Work instructions: Look through the data below and extract, unchanged, the lines from the one that contains "Puzzle Saint Petersburg, 1 500 pieces" to the one that contains "2 x 1.5m Patio", both included.

Provided entries:

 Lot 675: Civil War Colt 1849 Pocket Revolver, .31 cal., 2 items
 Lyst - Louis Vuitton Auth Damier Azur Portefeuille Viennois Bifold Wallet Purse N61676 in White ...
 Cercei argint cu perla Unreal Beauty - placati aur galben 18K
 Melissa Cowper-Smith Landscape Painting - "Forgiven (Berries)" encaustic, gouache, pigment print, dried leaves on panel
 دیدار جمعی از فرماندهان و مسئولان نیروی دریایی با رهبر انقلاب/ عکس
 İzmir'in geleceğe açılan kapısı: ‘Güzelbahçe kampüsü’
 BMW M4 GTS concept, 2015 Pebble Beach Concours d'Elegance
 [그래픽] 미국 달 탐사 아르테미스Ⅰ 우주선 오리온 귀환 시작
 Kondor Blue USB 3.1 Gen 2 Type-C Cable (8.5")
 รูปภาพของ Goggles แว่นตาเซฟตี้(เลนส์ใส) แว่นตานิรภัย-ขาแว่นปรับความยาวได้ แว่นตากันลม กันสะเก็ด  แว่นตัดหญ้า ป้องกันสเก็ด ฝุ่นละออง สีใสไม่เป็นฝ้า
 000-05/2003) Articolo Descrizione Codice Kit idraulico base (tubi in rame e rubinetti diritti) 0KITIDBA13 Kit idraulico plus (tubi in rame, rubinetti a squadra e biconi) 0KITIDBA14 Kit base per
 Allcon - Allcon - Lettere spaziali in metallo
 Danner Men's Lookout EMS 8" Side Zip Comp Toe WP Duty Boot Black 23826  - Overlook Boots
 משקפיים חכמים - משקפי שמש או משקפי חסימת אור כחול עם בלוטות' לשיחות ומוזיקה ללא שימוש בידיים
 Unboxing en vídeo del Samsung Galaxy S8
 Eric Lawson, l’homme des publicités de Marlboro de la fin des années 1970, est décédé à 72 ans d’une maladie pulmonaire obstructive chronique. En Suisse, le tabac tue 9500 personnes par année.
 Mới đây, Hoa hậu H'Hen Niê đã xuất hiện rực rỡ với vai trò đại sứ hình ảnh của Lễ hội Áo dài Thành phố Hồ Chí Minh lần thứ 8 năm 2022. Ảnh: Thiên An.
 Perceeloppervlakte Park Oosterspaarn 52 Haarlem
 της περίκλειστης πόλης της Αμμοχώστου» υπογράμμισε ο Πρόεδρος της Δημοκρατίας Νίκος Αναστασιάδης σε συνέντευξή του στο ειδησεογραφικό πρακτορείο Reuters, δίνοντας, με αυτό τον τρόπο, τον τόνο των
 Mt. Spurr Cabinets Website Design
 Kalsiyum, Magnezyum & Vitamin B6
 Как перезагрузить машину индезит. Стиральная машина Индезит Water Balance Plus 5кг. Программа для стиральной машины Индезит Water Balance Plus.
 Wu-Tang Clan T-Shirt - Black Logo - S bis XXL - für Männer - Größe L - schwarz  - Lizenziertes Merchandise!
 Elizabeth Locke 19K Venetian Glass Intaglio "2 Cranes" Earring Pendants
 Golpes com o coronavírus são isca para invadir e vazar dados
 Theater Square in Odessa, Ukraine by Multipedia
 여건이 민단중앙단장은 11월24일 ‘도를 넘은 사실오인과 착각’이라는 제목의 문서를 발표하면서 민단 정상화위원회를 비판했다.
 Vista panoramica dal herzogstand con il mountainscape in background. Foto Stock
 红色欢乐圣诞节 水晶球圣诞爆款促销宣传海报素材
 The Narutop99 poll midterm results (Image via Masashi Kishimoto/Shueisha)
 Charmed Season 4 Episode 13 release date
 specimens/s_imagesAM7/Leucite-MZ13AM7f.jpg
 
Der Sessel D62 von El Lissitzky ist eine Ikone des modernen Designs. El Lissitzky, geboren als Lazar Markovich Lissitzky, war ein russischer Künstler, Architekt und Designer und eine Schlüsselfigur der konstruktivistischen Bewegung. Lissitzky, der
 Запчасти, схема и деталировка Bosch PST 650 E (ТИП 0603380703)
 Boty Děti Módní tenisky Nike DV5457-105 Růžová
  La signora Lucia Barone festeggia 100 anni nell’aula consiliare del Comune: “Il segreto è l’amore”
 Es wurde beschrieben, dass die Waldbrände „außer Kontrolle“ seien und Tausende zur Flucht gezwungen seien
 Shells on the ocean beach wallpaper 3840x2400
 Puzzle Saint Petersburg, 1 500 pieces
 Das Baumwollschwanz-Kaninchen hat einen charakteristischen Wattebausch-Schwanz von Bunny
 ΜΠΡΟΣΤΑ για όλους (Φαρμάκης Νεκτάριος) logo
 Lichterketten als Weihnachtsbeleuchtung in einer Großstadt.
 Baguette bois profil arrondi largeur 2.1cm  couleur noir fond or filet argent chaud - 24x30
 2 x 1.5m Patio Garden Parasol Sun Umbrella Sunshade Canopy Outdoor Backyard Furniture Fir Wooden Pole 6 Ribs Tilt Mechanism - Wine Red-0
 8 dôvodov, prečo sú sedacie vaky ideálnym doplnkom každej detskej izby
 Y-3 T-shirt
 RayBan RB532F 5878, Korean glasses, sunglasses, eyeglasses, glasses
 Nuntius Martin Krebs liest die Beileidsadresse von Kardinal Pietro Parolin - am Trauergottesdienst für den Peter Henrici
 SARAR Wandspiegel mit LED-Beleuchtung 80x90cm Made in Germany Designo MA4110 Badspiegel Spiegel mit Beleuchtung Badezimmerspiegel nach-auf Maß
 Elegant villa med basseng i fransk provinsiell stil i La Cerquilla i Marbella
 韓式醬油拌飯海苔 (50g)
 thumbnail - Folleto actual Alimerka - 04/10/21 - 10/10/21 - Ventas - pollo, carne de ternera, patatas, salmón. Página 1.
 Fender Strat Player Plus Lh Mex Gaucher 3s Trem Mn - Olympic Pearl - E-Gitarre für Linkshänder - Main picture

Exercise result:
 Puzzle Saint Petersburg, 1 500 pieces
 Das Baumwollschwanz-Kaninchen hat einen charakteristischen Wattebausch-Schwanz von Bunny
 ΜΠΡΟΣΤΑ για όλους (Φαρμάκης Νεκτάριος) logo
 Lichterketten als Weihnachtsbeleuchtung in einer Großstadt.
 Baguette bois profil arrondi largeur 2.1cm  couleur noir fond or filet argent chaud - 24x30
 2 x 1.5m Patio Garden Parasol Sun Umbrella Sunshade Canopy Outdoor Backyard Furniture Fir Wooden Pole 6 Ribs Tilt Mechanism - Wine Red-0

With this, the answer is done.